Setting up the script

My static site generator runs on my home server. It's just an old always on Macbook Pro running with the screen deactivated and lid closed. The site generator is set up as a single executable script that runs all the various modules like generating new content pages, updating the front page, archive pages and feeds and so on. Another script monitors the content directory to trigger the site generator executable whenever a new file appears.

Given my eureka moment mentioned above, solving this seems simple enough. Set up a separate script to generate the reading log. Don't worry about checking whether or not the reading log has actually changed, just call it whenever the main executable runs. That's easily done with adding two lines of code to the main executable.

First, I pull in the main function of the reading log module:

from readinglog_processing import process_reading_log

Then, add it to the end of the loop where I call the various function to update everything after processing new content:

generate_posts_archive(output_dir, settings)
generate_notes_archive(output_dir, settings)
generate_front_page(output_dir, settings)
generate_feeds(output_dir, settings)
process_reading_log(output_dir, settings)

Of course, I might go days or weeks or even months without adding new content to this website. Yet I would still want my reading section to remain current. To solve this without adding any unnecessary complexity whatsoever, I decided to simply add a daily scheduled run to my monitoring script. So at 22:30 CET each night the site generator runs and thus updates my reading section.

The actual reading log generation script is quite straight forward. As I can't write code, I rely on LLMs to help me translate the logic from plan English to Python. Meaning it is probably all just spaghetti code. But it works.

I use the ezodf package to parse the data from the spreadsheet. (Because I do, of course, use LibreOffice and Open Document Format (ODF) to handle and store my data.)

Afterwards I pull in the styling and create the page title, before the magic happens in the main function. Here the templates are loaded, books grouped and sorted and the content is generated. In line with the logic for the other parts of my static site generator, I then replace a placeholder in the template file with the generated content before combining everything into the finished HTML document.

Design

I'll readily admit that it's not the prettiest page on the web. But, to toot my own horn a little, I think it looks better than my reading history on Goodreads. The general idea was to use a card-style layout, with a card for each book. I then wanted to style each card to make it resemble the cover of a book. The result, well... Insert your favourite "nailed it" meme here!

Nevertheless, it was an interesting exercise in working with CSS flexbox. It took a bit of playing around with to get it to get it to work as I wanted on various screen sizes. I landed on an approach that keeps each card a fixed width and transforms from a three card rows to two card rows when the viewport shrinks. When there's only room for one card per line (504 pixels) the behaviour changes and each card fills the entire width.

In the end, I was quite happy with how this turned out. I might clean up the styling a bit in the future, for the cards themselves as well as the table of content links. But for now, it does the job.

Wrapping up

If you haven't yet, hop on over to the Reading section to check out the finished product.

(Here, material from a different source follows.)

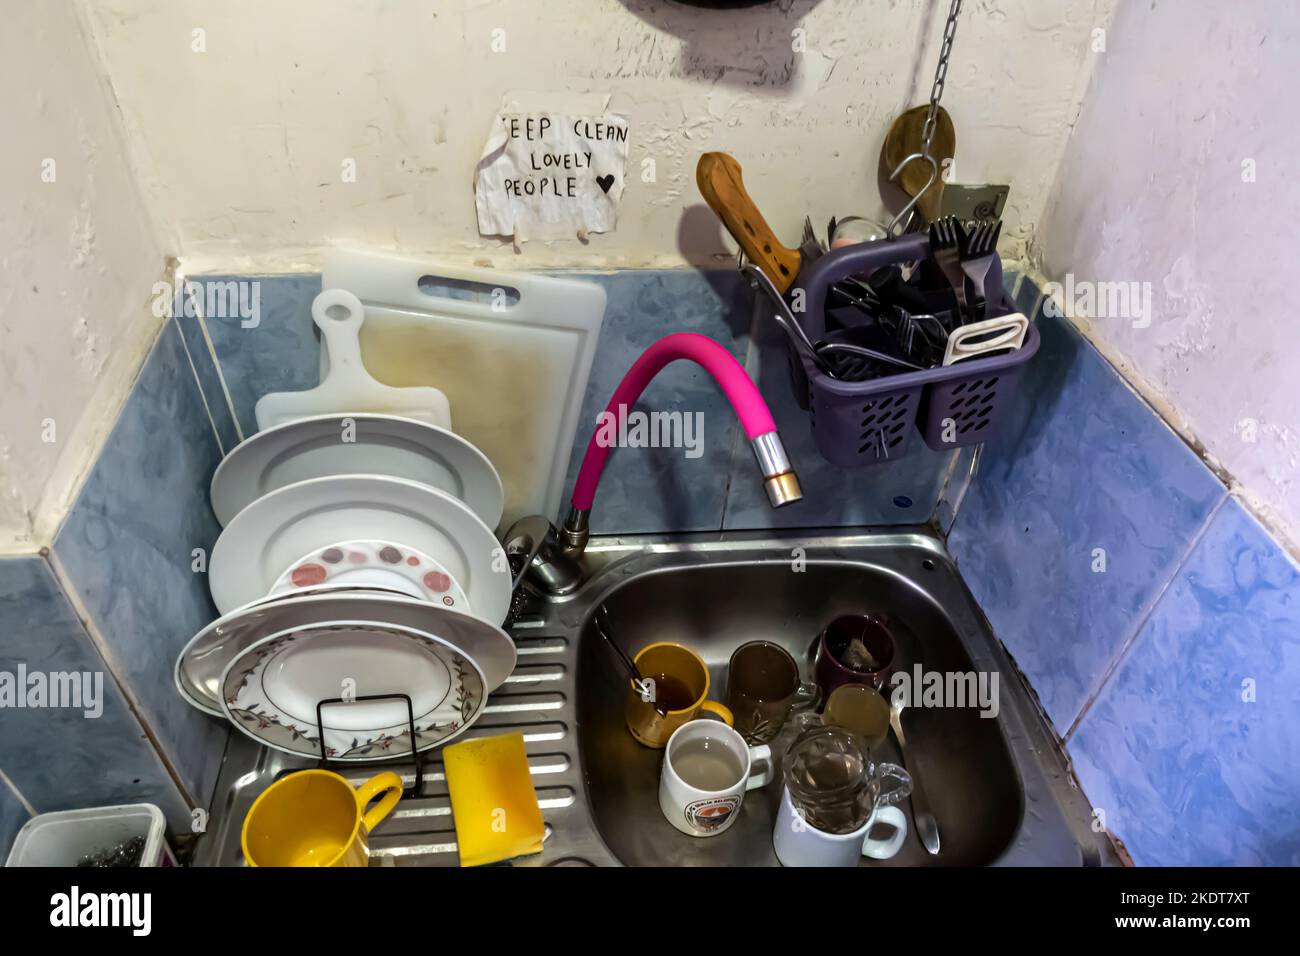 Dreckiges Geschirr, ungewaschen im Waschbecken mit einem Schild „Keep clean lovely people“. Thema - Gemeinschaftsküche, Gemeinschaftsraum. Stockfoto

A year after I started working on this in Wordpress, I'm very happy to have a way to display my reading history working exactly the way I want it. It suits my needs and preferences both with how it works and how it looks. And I have full control if I want to make any changes to the setup in the future.


  1. At some point in the future I might explore how I can make use of HTML tables and their "sortable" and "searchable" properties and some simple JavaScript to make it easier to explore the data. I don't exactly know what that might look like, and this is more than anything a note to my future self to look into that.